Streams vs Collections

At first look, Streams may appear similar to Collections - here's a few differences:

Streams

  • may be infinite
  • do not allow you to directly access individual items
  • may include a way to create more elements on demand
  • can only be read once

 

Collections

  • designed for holding a finite number of existing objects
  • provide efficient ways to access individual items
  • may be accessed as many times as you need to

 

The ways of using Streams and Collections are quite different. As you will see below, it’s straightforward to create a Stream from a Collection and vice-versa.

Stream Sources

A Stream Source is something which creates a Stream, so what kinds of sources are there?

Collections

A common source for a Stream is a Collection, like a List or a Set (you cannot stream a Map directly, but you can stream its entrySet). Here’s a Stream from a List:

Stream<String> typesOfFruit = List.of(
        "apple", "banana", "clementine", "dragonfruit").stream();

I/O

I/O (or Input/Output) concerns moving data in or out of your application, for example reading data over a network, or reading a file from disk. A Stream of lines can be made from a File like this:

Stream<String> lines = Files.lines(Path.of("my-fruit-list.txt"));

Generators

A Stream can be generated from scratch by providing the contents up-front using Stream.of(...), or providing a function which returns each object for the Stream with generate or iterate, for example:

Random random = new Random();
Stream<Integer> randomNumbers = Stream.generate(random::nextInt);

The Stream class also has concat for combining multiple Streams into one.

Intermediate Stream Operations

An Intermediate Operation is something which takes a Stream and transforms it into another Stream, possibly containing a different type of Object.
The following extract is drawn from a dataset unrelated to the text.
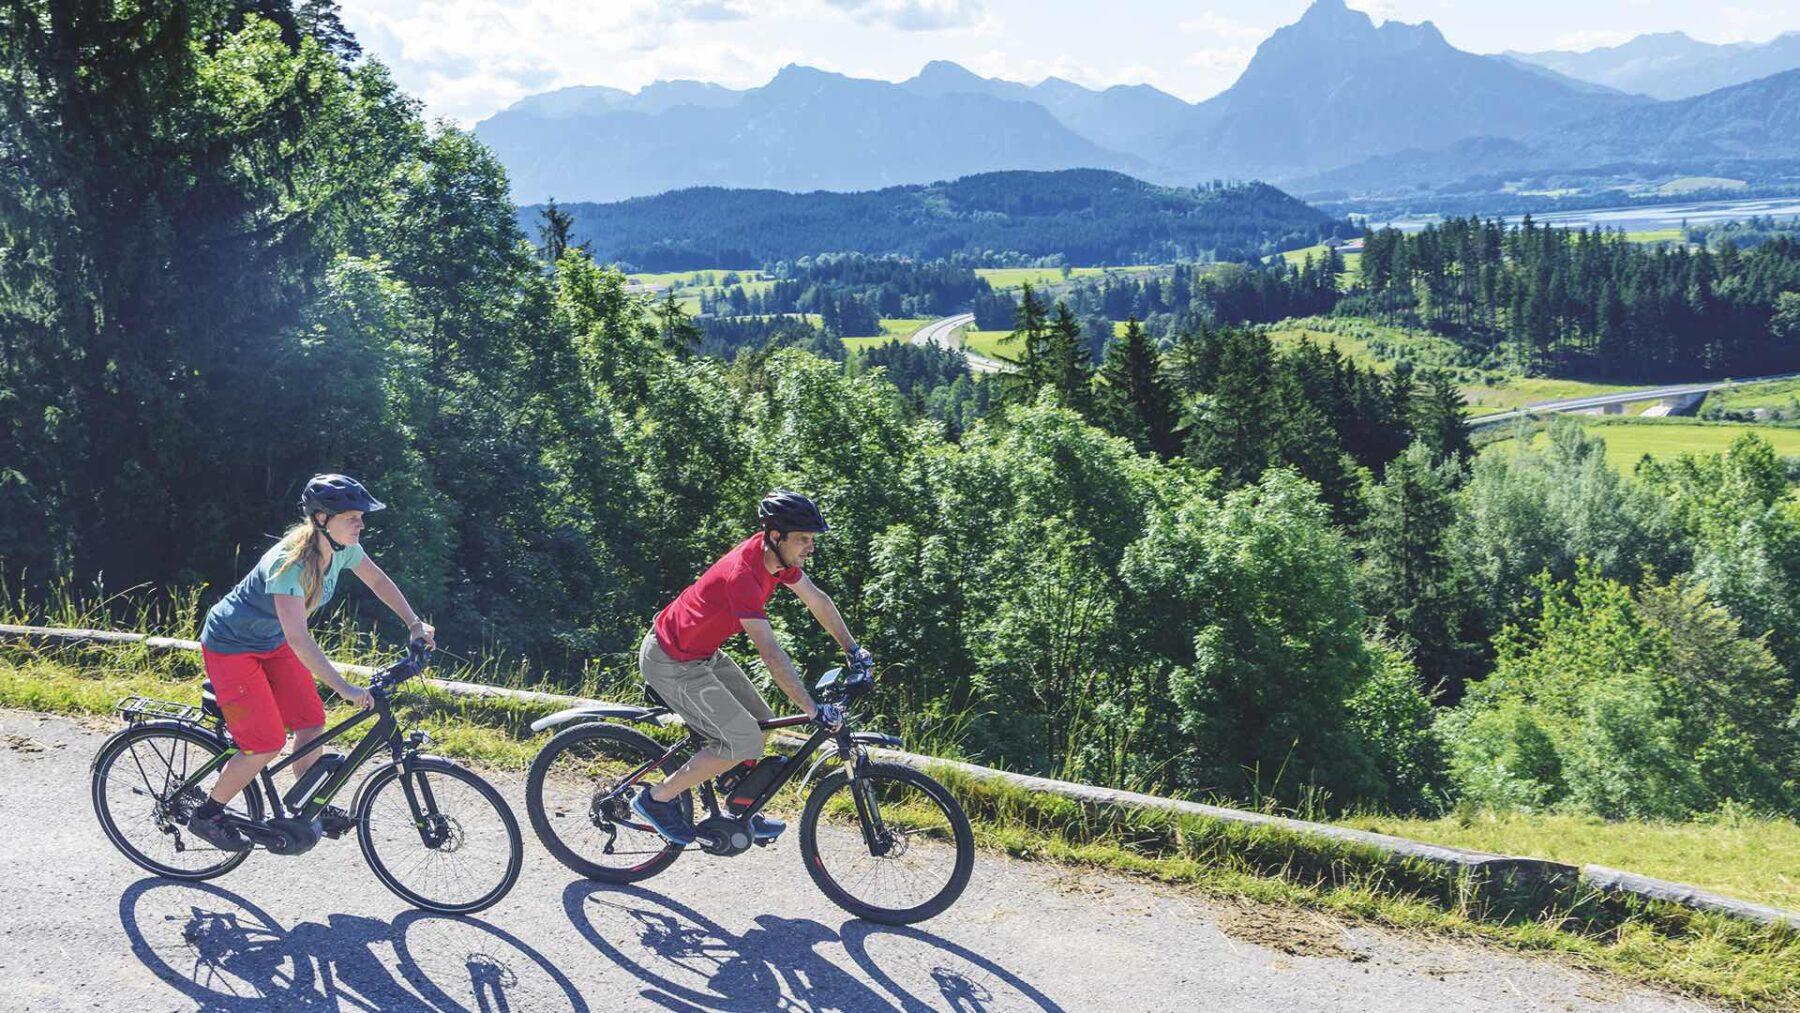 Bauking-Mitarbeiter können über ihre Firma günstig Fahrräder leasen. Foto: Bauking GmbH

Each element in the original Stream will be passed one at a time to the operation, and depending on how the operation works the resulting Stream may be the same length as the original, but could also be shorter or longer:

// Same length: returns a Stream of "APPLE", "BANANA", "CLEMENTINE", "DRAGONFRUIT"
typesOfFruit.map(String::toUpperCase);

// Shorter: this returns a Stream of "clementine", "dragonfruit"
typesOfFruit.filter(fruit -> fruit.length() > 7);

// Longer: returns a Stream of "a", "p", "p", "l", "e", "b", "a" ...
typesOfFruit.flatMap(fruit -> Stream.of(fruit.split("")));

Notice the way that .flatMap(...) works is interesting. The lambda returns a Stream<String>, so if this were a regular .map(...) we would have a Stream<Stream<String>>. What flatMap does is join the inner Streams together to make a Stream<String> again.

Remember that you can only traverse a Stream once, so you won’t be able to do all three of those operations on the same typesOfFruit Stream. If you try it you will see java.lang.IllegalStateException: stream has already been operated upon or closed.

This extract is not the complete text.